After a bit of digging, I was able to correlate most of these values. Let's reformat the outputted request as QWORD's and mark things up so we can see what we are dealing with:

Now that we have mapped out most of the data being passed, we can try and issue an RPC call without having to invoke the AddSecurityPackage API call directly. The code that I crafted to do this is available via Gist here.

With our ability to load a package without directly calling AddSecurityPackage, let's see if we can mix things up a bit further.

Let's throw sspisrv.dll into Ghidra and see how the RPC call is handled on the server side. The immediate thing that we come across upon disassembling SspirCallRpc is that execution is passed via gLsapSspiExtension:

This is actually a pointer to an array of functions, populated via lsasrv.dll and pointing to LsapSspiExtensionFunctions:

We are interested in SspiExCallRpc which closely resembles what we found in RPCView. This function validates parameters and passes execution onto LpcHandler:

LpcHandler is responsible for checking the provided parameters further before ultimately passing execution onto DispatchApi:

Again, another array of function pointers is used to dispatch the call, pointed to by LpcDispatchTable:

Now this is an array that should interest us, as we are likely looking for s_AddPackage based on its name, and the index also matches the 0xb "Function ID" index we found within the request.
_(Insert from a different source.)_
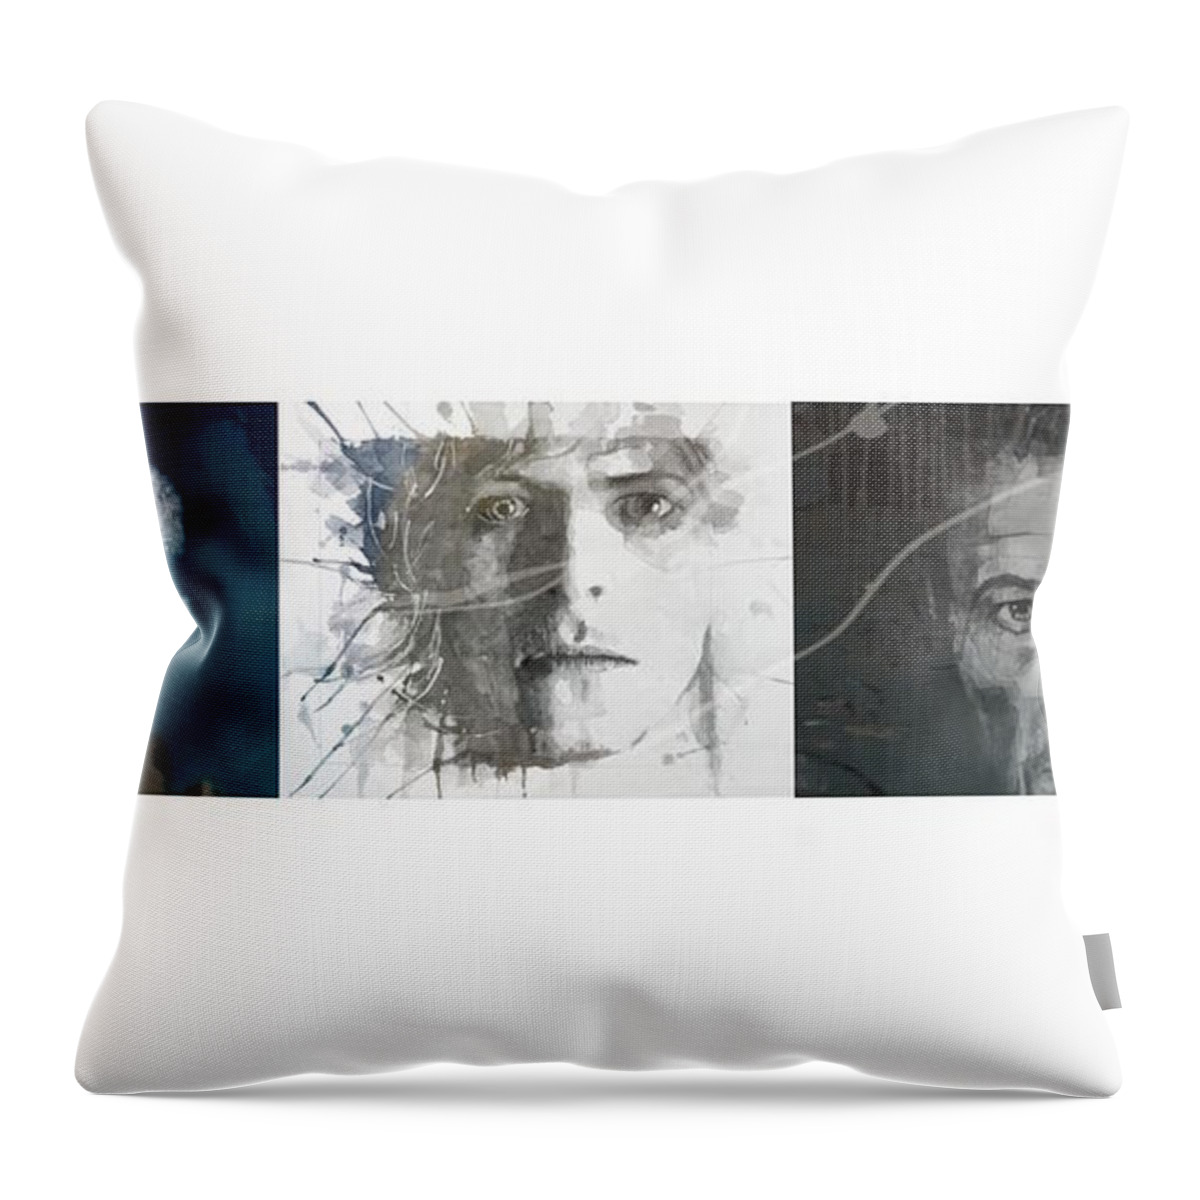 David Bowie Throw Pillow featuring the mixed media Changes David Bowie Triptych by Paul Lovering

Heading further down the rabbit hole, we land at WLsaAddPackage which first checks that we are privileged enough to call the RPC method by impersonating the connecting client and then attempting to open a registry key of HKLM\System\CurrentControlSet\Control\Lsa with Read/Write permission:

If this succeeds (note this as a potentially novel backdoor for privesc ;), then execution moves onto SpmpLoadDll, which is used to load our provided SSP into lsass via LoadLibraryExW:

If the SSP is loaded successfully, the DLL is then added to the registry for autoloading:

So we likely want to skip that last bit, as we won't be using this for persistence and it would be nice to avoid touching the registry where we can help it. We also ideally want to avoid having our DLL listed as present within lsass by something like ProcessExplorer if suspicion is raised. So what we can do is pass our DLL using the RPC call, and force our SSP to fail on load by returning FALSE from its DllMain. This will result in the registry modification being skipped, and will also mean that our DLL is unloaded from the process.

Using Mimikatz memssp as our template, I've crafted a DLL to be loaded via our RPC call, which will patch SpAddCredentials with the same hook as used by Mimikatz. This is available via Gist here.

Let's see the loading of our DLL using our AddSecurityPackage raw RPC call:

You are also not restricted to loading DLL's from the local system with this, as UNC paths work fine if passed via the RPC call (although you should ensure that the EDR you are up against doesn't flag this as suspicious).

Of course you are also not limited to loading this DLL with AddSecurityPackage. As we have crafted a standalone DLL to perform the memssp patching, let's take our SAMR RPC script from the previous blog post and have it load our DLL via LoadLibrary, writing back logon attempts as they occur via a SMB share:

Of course there are a number of ways to improve the effectiveness of these examples, but as with Part 1, I hope that this post has provided you with an idea of how to go about crafting your own SSP to take with you on engagements. While this post only goes into a few possible way to mix things up when loading an SSP into lsass, by understanding just how Mimikatz is able to provide this functionality, you hopefully have the ability to tailor your payload to an environment when attempting to bypass AV or EDR, or simply to test BlueTeam's detection capability outside of flagging Mimilib and memssp.